In the tent area below, most of the students were still awake, listening to Simon and Garfunkel tapes, playing the harmonica or having games of poker. People wandered in and out of each other’s shelters. It looked as bustling as a night market. I could hear someone snoring nearby. The noise made me want to crawl into a soft bed.
Wang Fei joined us. He crouched down and took deep, nervous drags of his cigarette.
‘What’s the matter?’ I said. ‘Have you had a row with Nuwa? She was furious you ran away without telling her.’

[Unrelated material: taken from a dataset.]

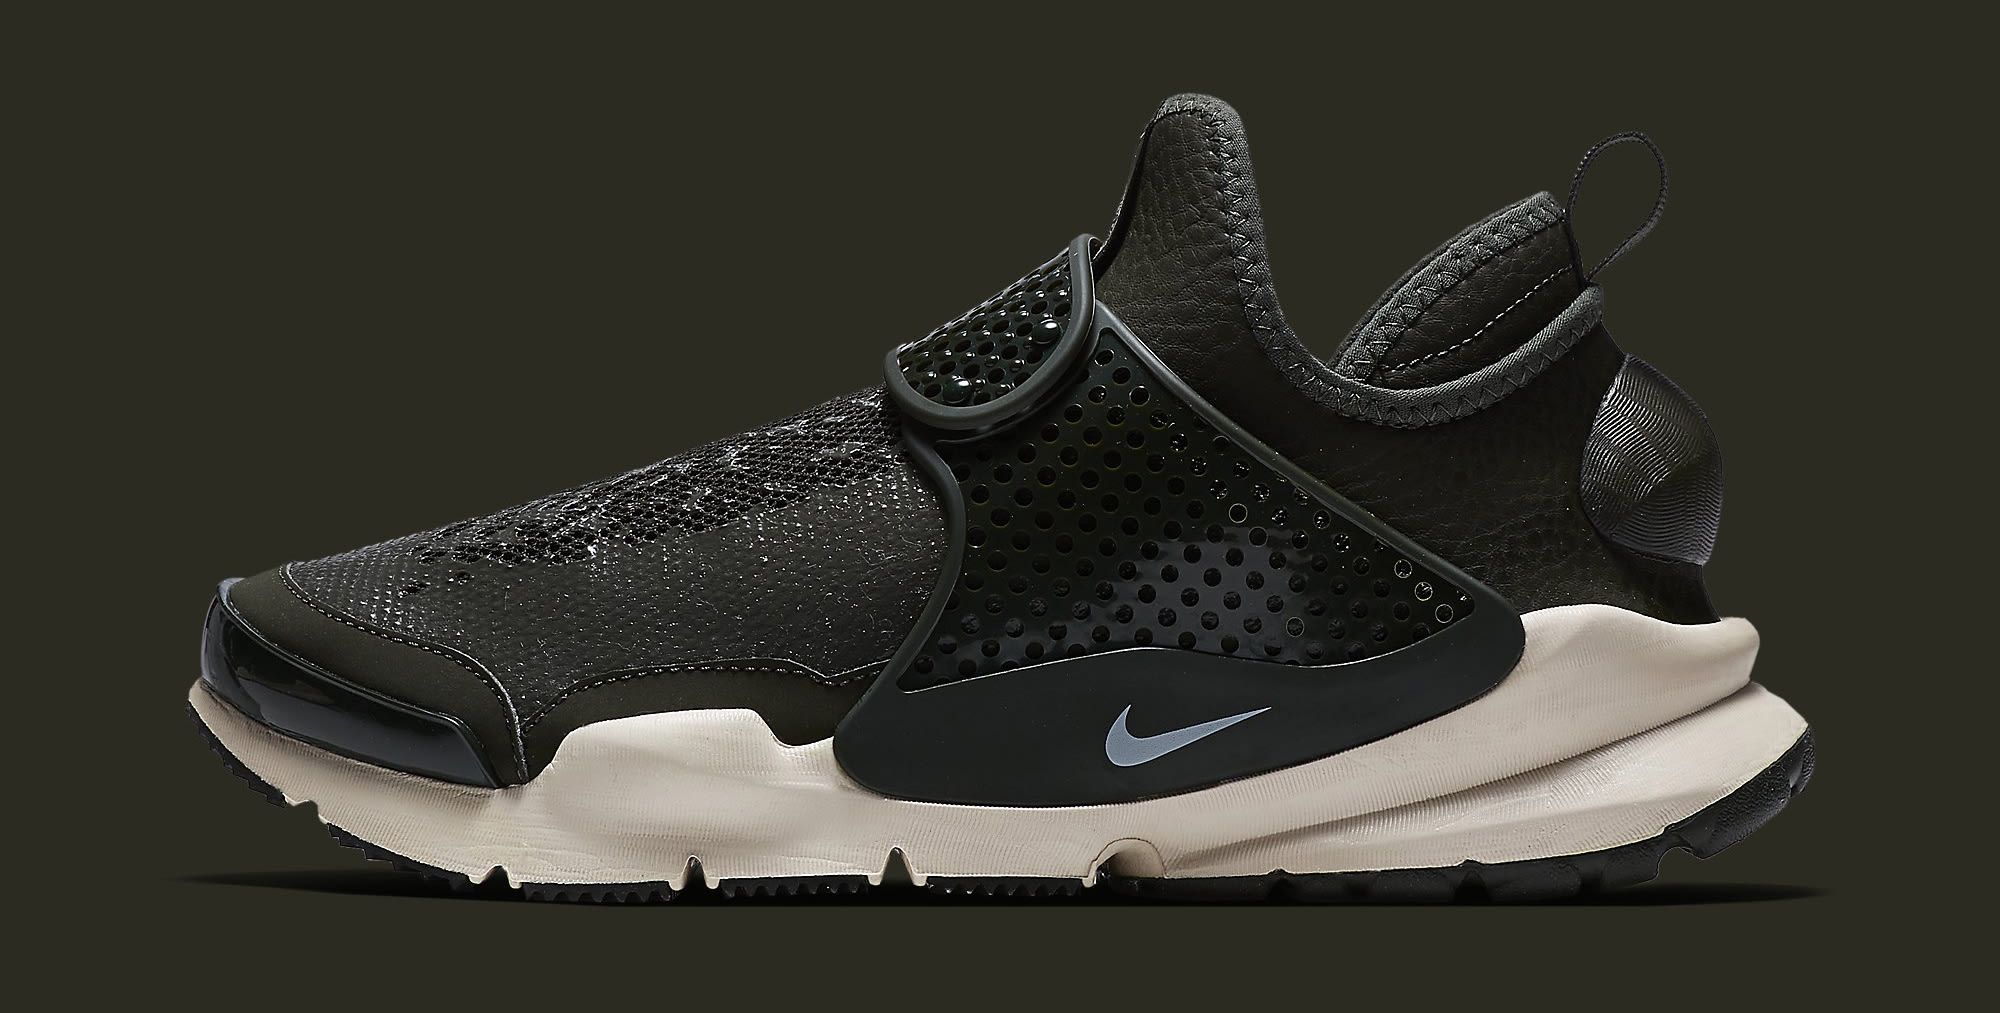 Stone Island Nike Sock Dart 910090-300 Medial

‘No, no, I’ve just tallied the results of Sister Gao’s poll,’ he whispered. ‘The majority of the students want to leave the Square. If this information leaked out, we’d have to withdraw.’

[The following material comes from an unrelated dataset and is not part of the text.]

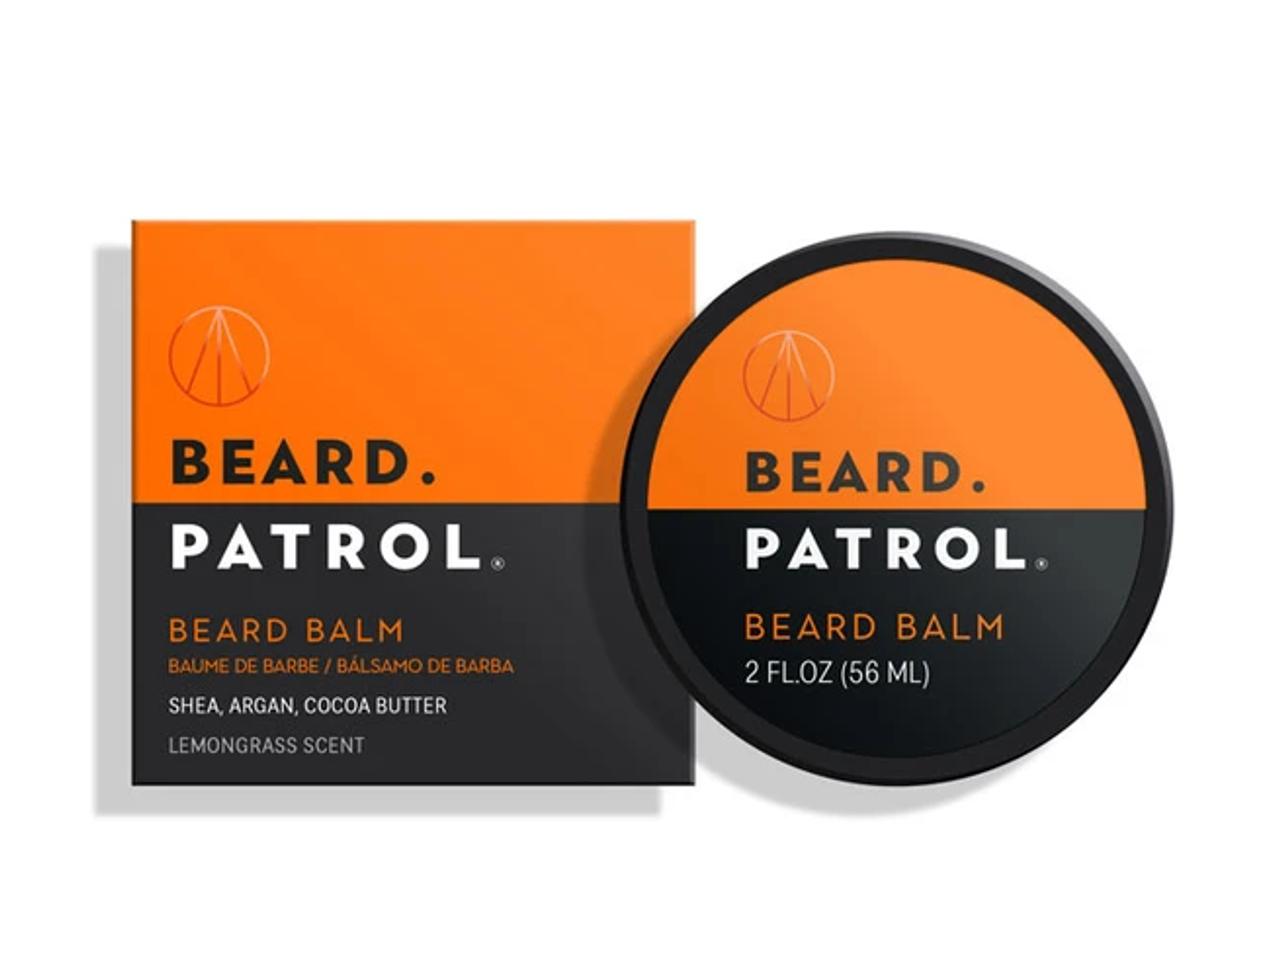 Beard Patrol Balm

‘Well, maybe that wouldn’t be such a bad thing.’
‘Keep your voice down,’ he said, rolling up the sheets of paper in his hand. ‘No one must find out about this.’
‘Look at this newspaper the Hong Kong Student Association gave us,’ said Xiao Li walking up excitedly. ‘It’s amazing! A million people marched through the streets of Hong Kong in solidarity with us.’
I grabbed the newspaper from him, eager to see the photographs. After A-Mei broke up with me, I gave my photographs of her to Shi Ye and asked her to post them to her. But A-Mei’s image was still carved in my mind. I knew I’d be able pick her out at once in a crowd, even if she had her back turned to me.
‘Are you looking for your lost love?’ Wang Fei said. He could be unexpectedly perceptive sometimes.
‘Shut up!’ I said, punching his arm. ‘She’s not living in Hong Kong now, anyway.’ I glanced at the photographs then handed the newspaper back to Xiao Li, my pulse racing.
A girl called Miss Li from the Hong Kong Student Association had told me her friend was studying at the same Canadian university as A-Mei. She’d smiled at me and said, ‘You’re the chief of security here. That’s very impressive. I’ll get my friend to tell A-Mei. I’m sure she’ll be proud of you.’
‘The provisions stall the Hong Kong Association set up over there is great,’ Xiao Li said, having supervised the stall’s security for the last hour. ‘They’re giving out food, drink, clothes, umbrellas. You should go and grab some of the stuff before it all runs out.’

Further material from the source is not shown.